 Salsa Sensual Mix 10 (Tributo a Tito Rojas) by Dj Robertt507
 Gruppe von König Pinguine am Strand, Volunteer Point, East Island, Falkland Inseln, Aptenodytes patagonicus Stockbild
* * *
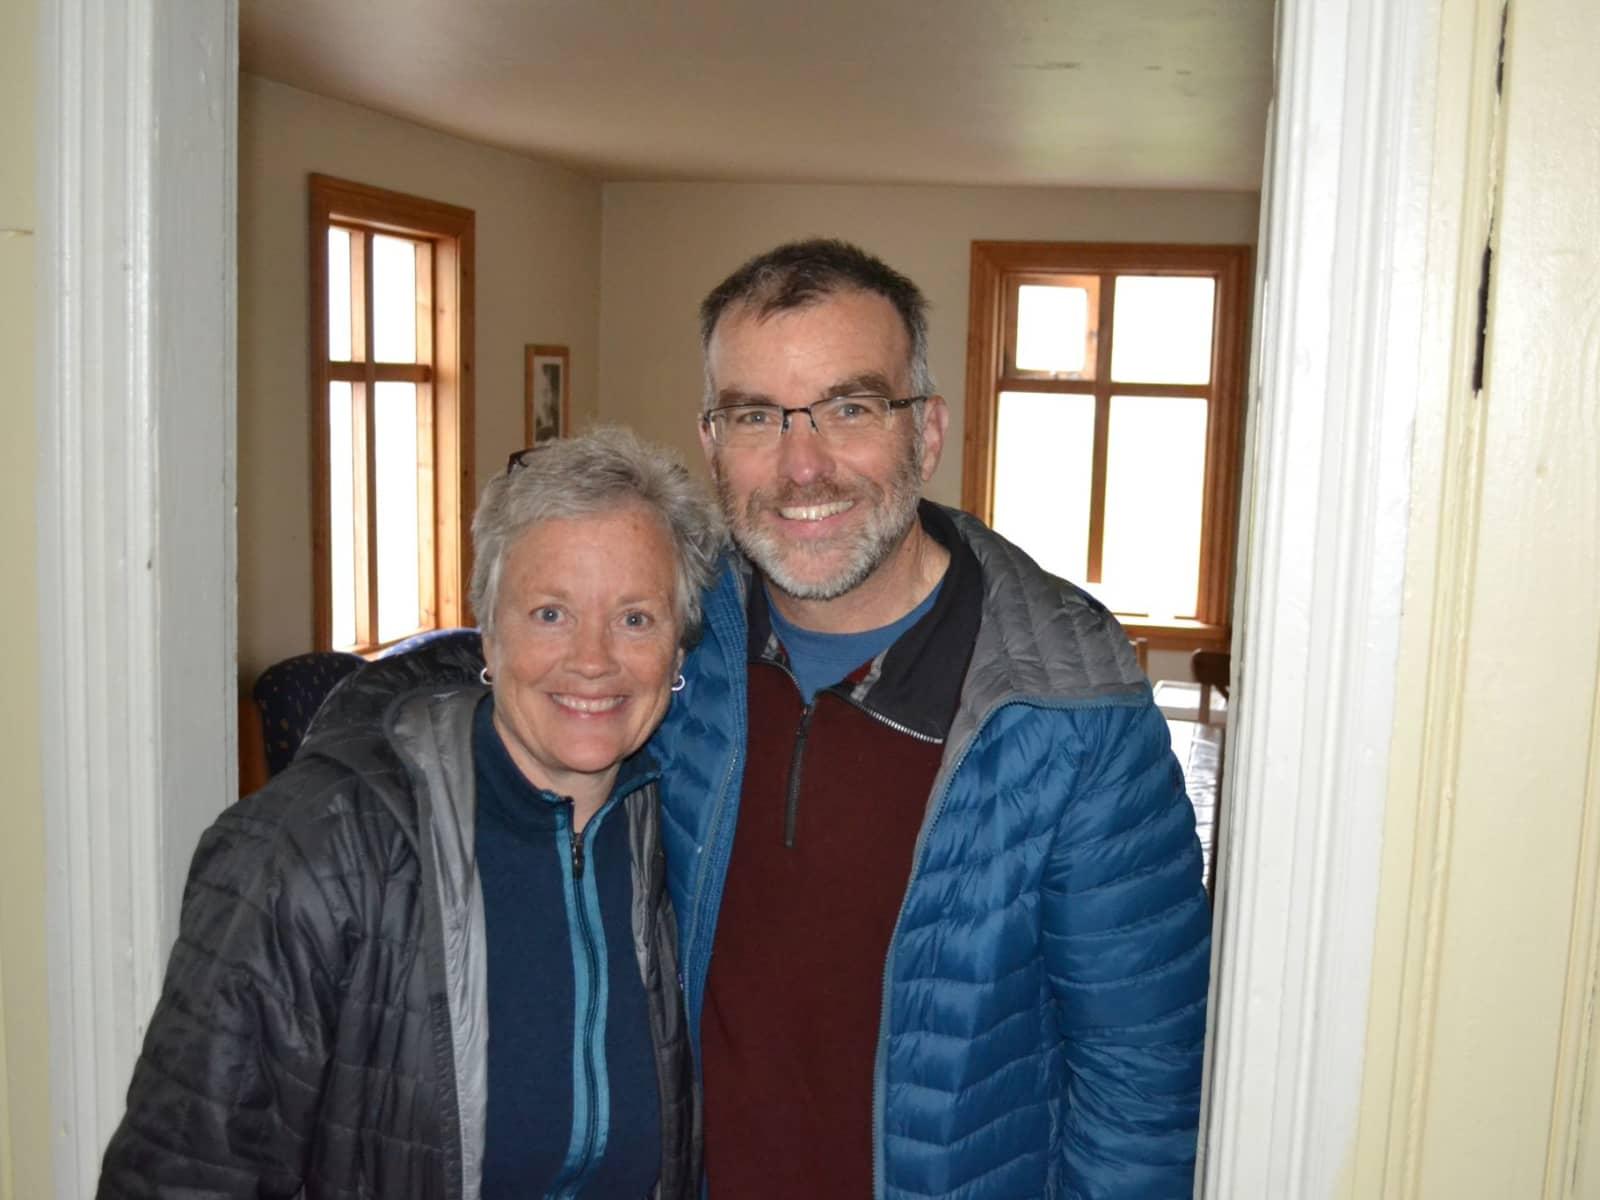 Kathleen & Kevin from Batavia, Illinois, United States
==
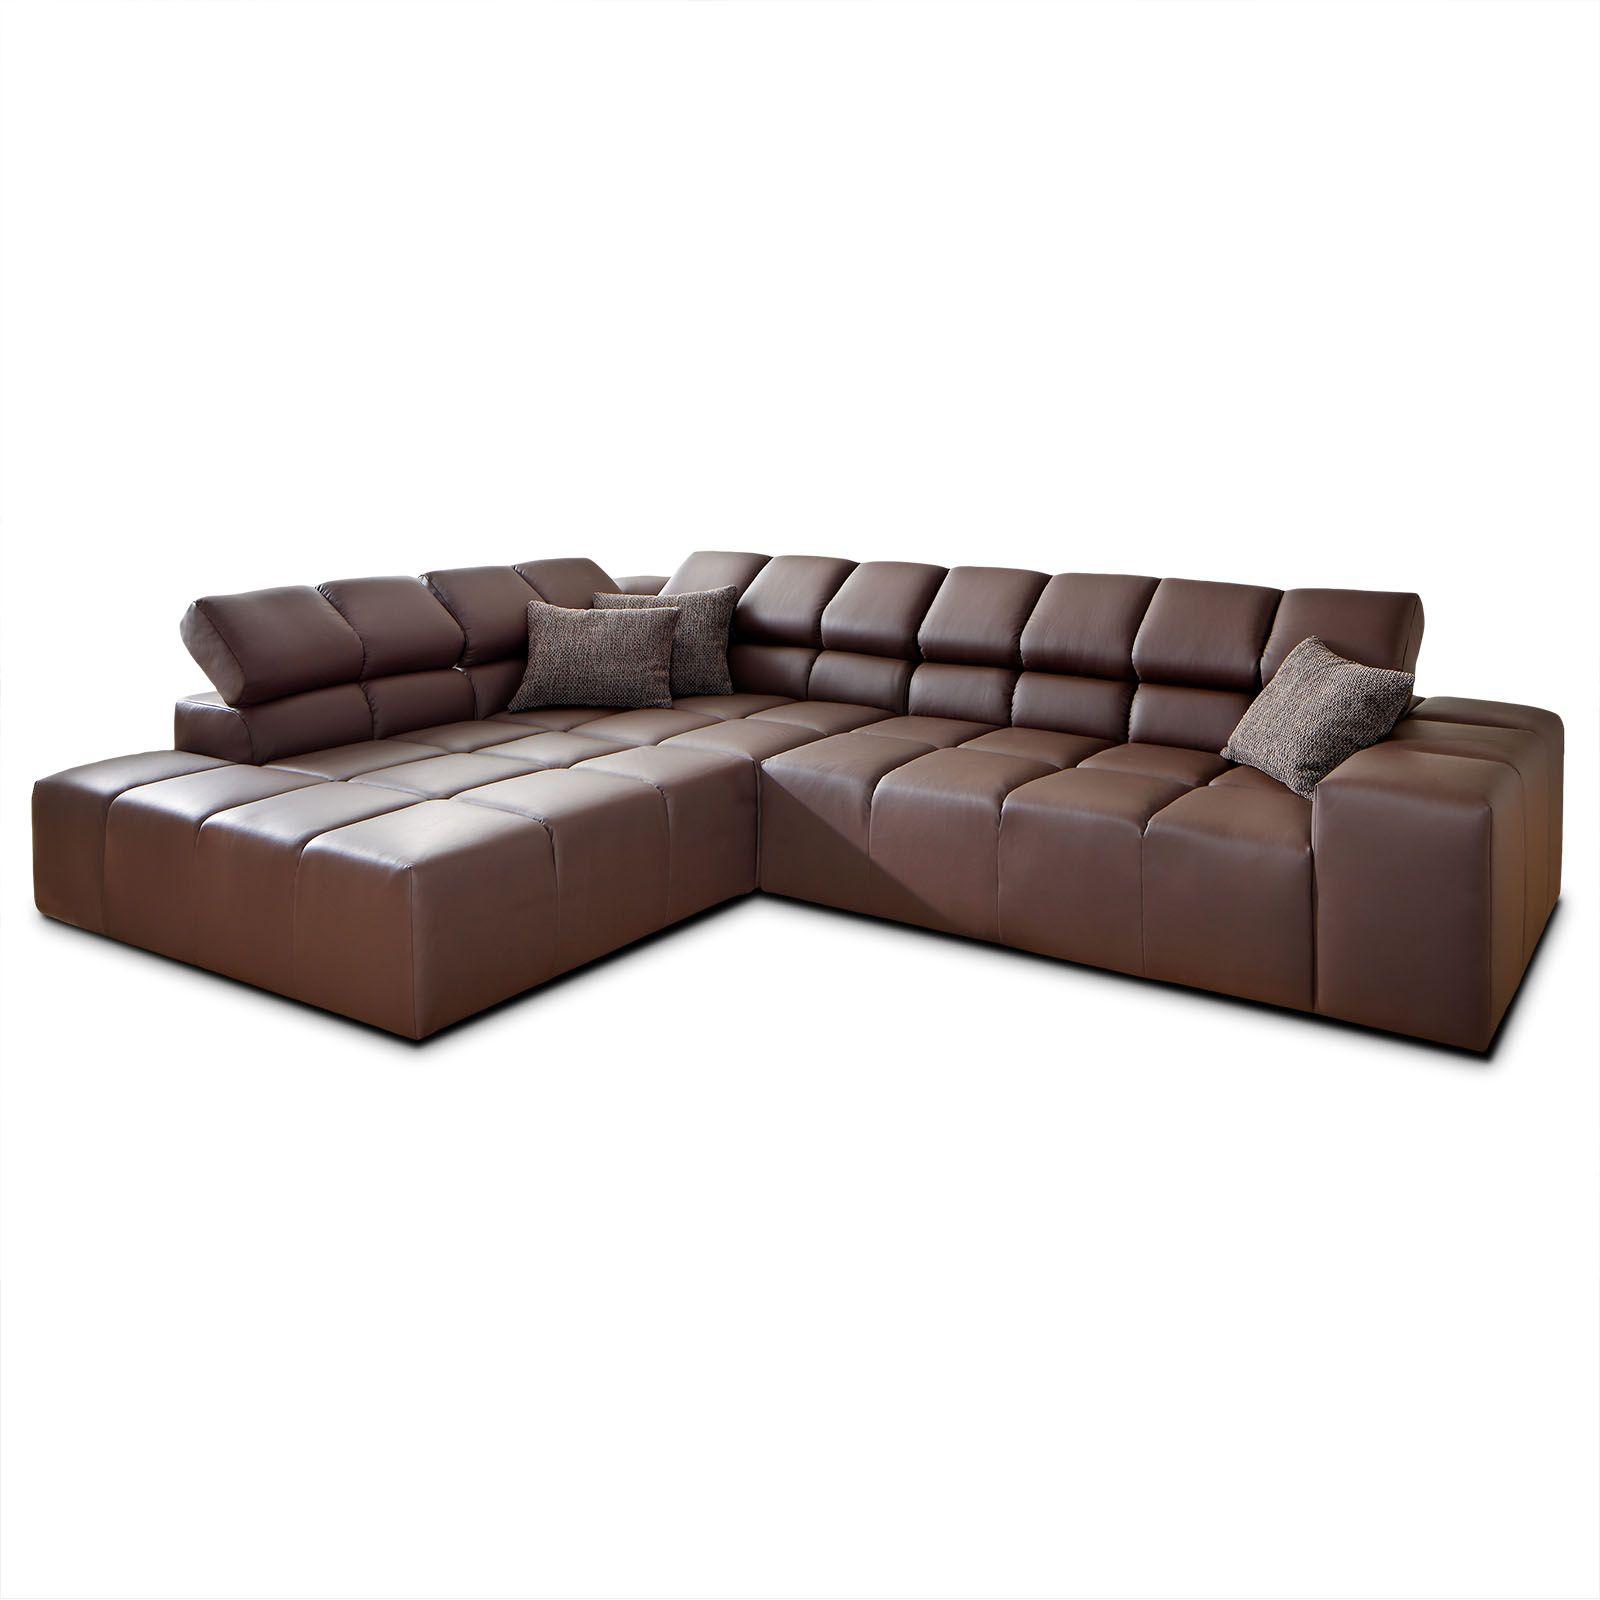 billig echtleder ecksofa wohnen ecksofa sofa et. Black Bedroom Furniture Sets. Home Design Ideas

WHAT THE TASK REQUIRES:
The expected answer is an exact copy of the lines above, beginning at the line with "Salsa Sensual Mix" and ending at the line with "Gruppe von König", with both ends in.

REPLY:
 Salsa Sensual Mix 10 (Tributo a Tito Rojas) by Dj Robertt507
 Gruppe von König Pinguine am Strand, Volunteer Point, East Island, Falkland Inseln, Aptenodytes patagonicus Stockbild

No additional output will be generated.